All katas are designed to be doable without using 3rd party libraries (and, in fact, the point is to also learn how to do what these libraries do).
To make the best of katas, observe the following rules.
- Don't rush.
- When stuck, take a break and do something unrelated.
- Do not copy/paste code. Always retype everything.
- Do not use AI tools to generate code.
- Try to do something that wasn't in the instructions, experiment.
- Repeat the kata from time to time, even if you think you've got it.
- You have mastered the kata once you are able to complete it without thinking too much.
Remember, the goal is not to get it done, but to get some practice.
Introduction
In this exercise, you will practice basic web scraping using just the browser's developer tools.
Skills you will acquire
- Analyzing the page structure
- Locating elements
- Generating an object URL
- Generating a data URL
- Triggering file downloads programmatically
- Cleaning data
Objective
- Create an object that maps extensions to their media types based on the provided page
- Download the object as a JSON file
Check your solution
- Copy the downloaded JSON into the developer tool and check that it can be parsed without errors
Materials
Keep in mind
Media type is also know as MIME type. These terms are synonyms.
To execute a larger script on the page, you will probably want to write the code in multi-line format rather than execute it one line at a time. In Chrome and Chrome-based browsers, the Snippets feature can come in handy. You can find it under the Sources tab in dev tools.
In firefox, there is a multi-line mode that is activated by clicking the icon to the far-right or using the Ctrl+B (Cmd+B) shortcut.
The first thing you want to do is identify the selector that you can use to uniquely identify either the table containing the necessary information or its rows. You will then iterate through all the rows and grab the extension and media type.
The use case for this data is looking up media type by file extension, so you want to create an object that can be used for that.
To trigger a download, you can simply trigger the click event on a link. This
can be done using the .click() method on the link node. This will activate the
default behavior of the link. You can set the href and download attributes
to define what this will do.
There are two ways to convert file contents into a URL that you can use with links. One is data URL and another is object URL. Try both approaches.
When verifying the output, you don't need to call JSON.parse() (though there
is nothing wrong with that). You can also simply paste the output into the
console and evaluate it as code. Keep in mind that every valid JSON string is
also valid JavaScript.
Reading list
click()(MDN)<a>(MDN)href(MDN)download(MDN)- Data URLs (MDN)
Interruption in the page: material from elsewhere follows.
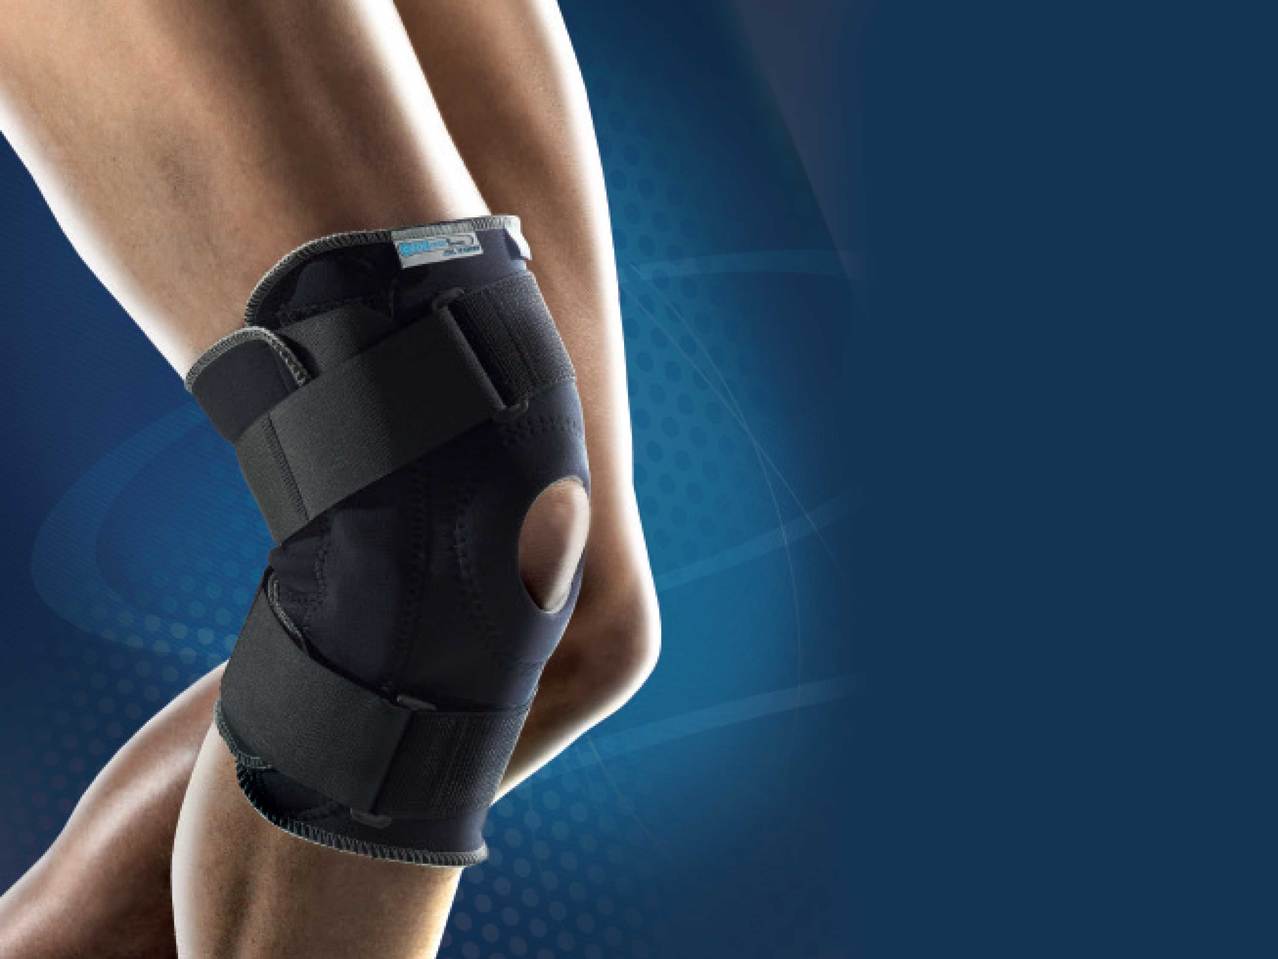 SENSIPLAST Pro Comfort Knee Brace

URL.createObjectURL()(MDN)JSON.stringify()(MDN)JSON.parse()(MDN)
Hints & spoilers
Spoiler: iterating table rows
In Chrome, you can right-click the element that you're wanting to reach, and in the menu yuo can select 'Copy' and then 'Copy JS Path'. This will copy to the clipboard some code that looks like this:
document.querySelector('#content > article > div > figure > table > tbody > tr:nth-child(1)')
You can then tweak this code so you can iterate all rows. For example:
document.querySelectorAll('#content > article > div > figure > table > tbody > tr')